June 2012
Rowena had been enchanted with the theatre since she was seven when she played the part of Alice in 'Alice through the looking glass' in a performance organised by her mother. The audience for the dress rehearsal was mainly made up of the servants, but at least twenty people, relations and neighbours, were there to watch the first night.
After her father's death in 1920 Rowena and her mother moved frequently; finally their search ended when they discovered a house in Lamorna, right on the beach. After the huge lonely hills of Derbyshire the great rugged coast of Cornwall fascinated Rowena. She discovered a small Headland jutting out precariously into the sea. She managd to buy it for £100. It was there she built the House using granite from the nearby quarry.
There was very little theatre in Cornwall and most was self made. So Rowena invited family and friends to the House where they staged many performances.
A more ambitious performance of Midsummer Night's Dream was planned in a nearby meadow. Rowena did not take part, having discovered she had a talent for costume designing, she made most of the costumes herself, and sitting in the field with her sewing machine during the rehearsals making last minute adjustments. Their next performance was to be The Tempest, and as Rowena's garden was on the cliff top with it's view of the waves pounding on the cliffs, it would be the ideal location, but there was very little room for an audience to sit.

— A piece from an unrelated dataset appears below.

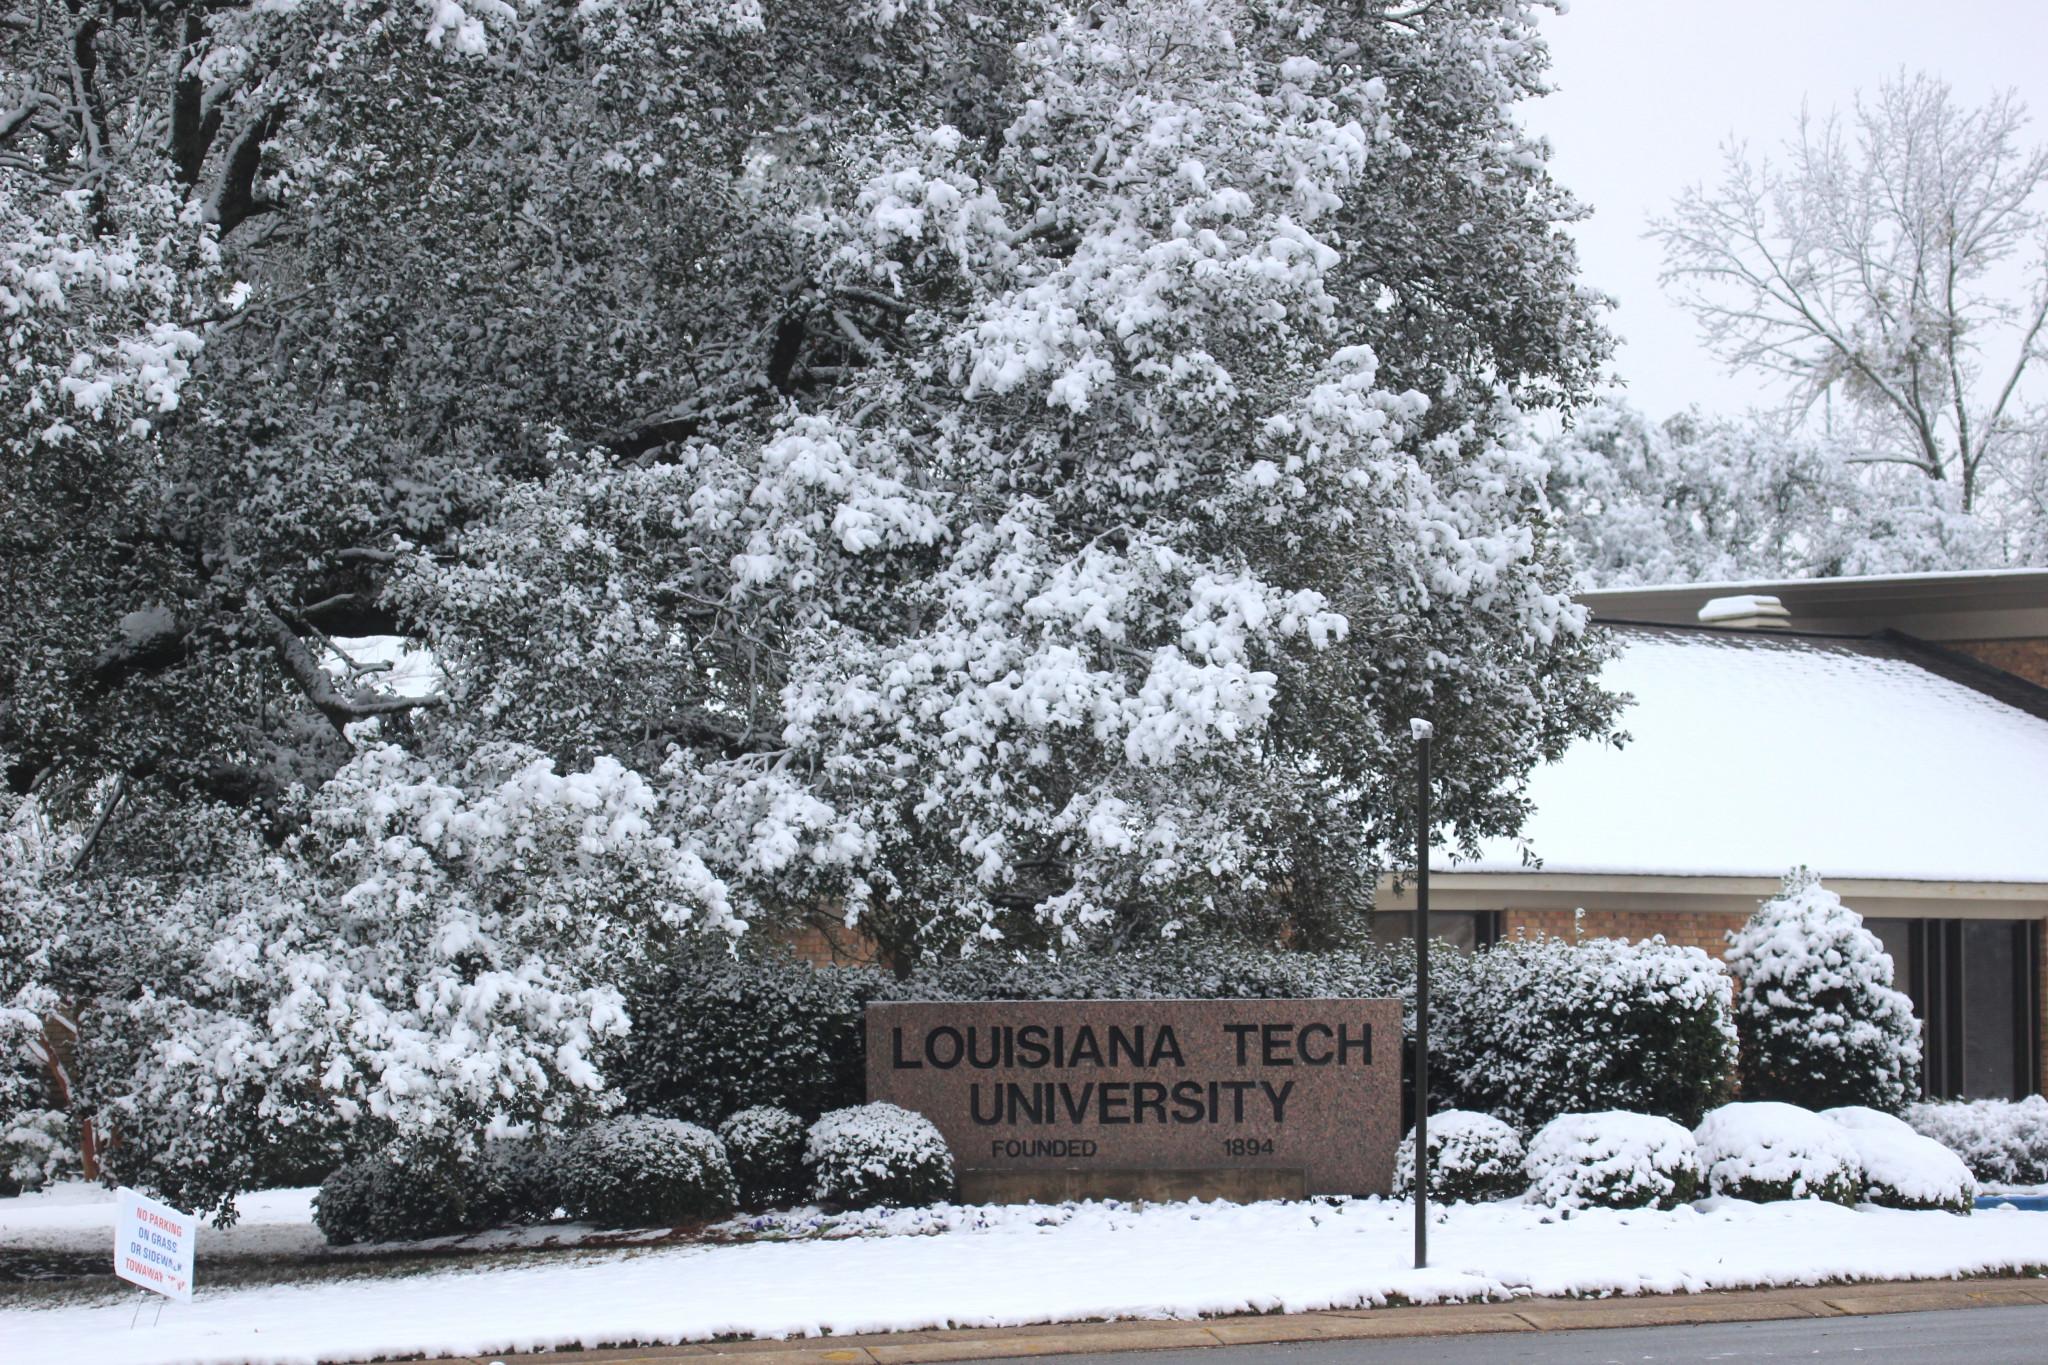 The Louisiana Tech University Alumni Center - Leader photo by T. Scott Boatright
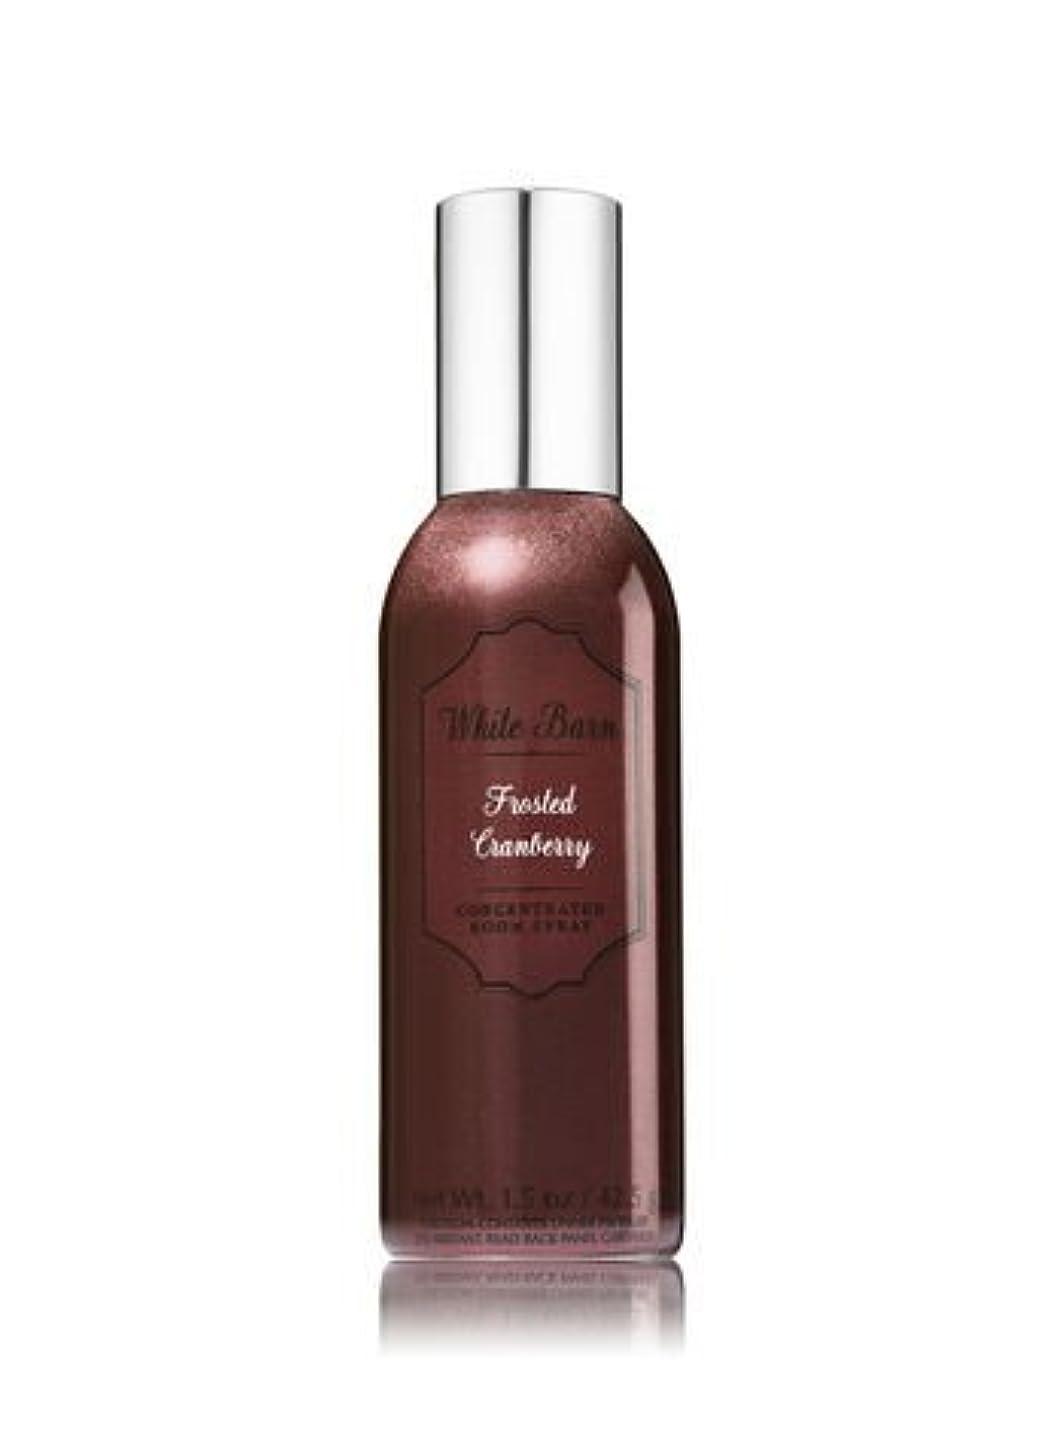 精度朝の体操をするポテト【Bath&Body Works/バス&ボディワークス】 ルームスプレー フロステッドクランベリー 1.5 oz. Concentrated Room Spray / Room Perfume Frosted Cranberry [並行輸入品]

Rowena pondered this problem and then hit upon the idea of using the gully above the rocks on her headland. She and two Cornish craftsmen spent the next six months, battling with the rain and wind, on the precarious ledge on the cliffs, lugging fallen boulders, cutting them by hand and hauling them into place to make a simple stage and basic seating; the gaps were infilled with pebbles and gravel collected from the rocks.
In 1932, Rowena, then 38 years old, watched as the audience, armed with cushions, bought their tickets at a table in the garden, scrambled through the gorse path and down to the stage. The first performance of the Tempest began. The pathway was lit by lights from car batteries, the stage by the brilliant moonlight sparkling on the sea. The Tempest, was the first of many performances in the magical place.
After The Second World War, troops and prisoners of war, sent to clear the costal defences, cleared away all her hard work. The headland was now back to the barren cliff top she had originally discovered. Undaunted she started again. She developed a technique of using cement, instead of stone, and with a screwdriver carved out intricate lettering on the walls; she lugged great boulders, bags of sand and twelve huge 15ft beams from the beach up the ninety steps. Customs men looking for the remains of a Spanish wreck enquired if she had seem the beams, she told them she had collected some wood she found on the beach, thinking this frail little lady had gathered up kindling, they went on their way. She and her helper Billy Rawlings worked tirelessly building the seating, a great granite wall, and an access road to the car park.
The theatre, finally completed, became the scene of many productions. Producers clamour still for the chance to put on a play at the magical Minack Theatre.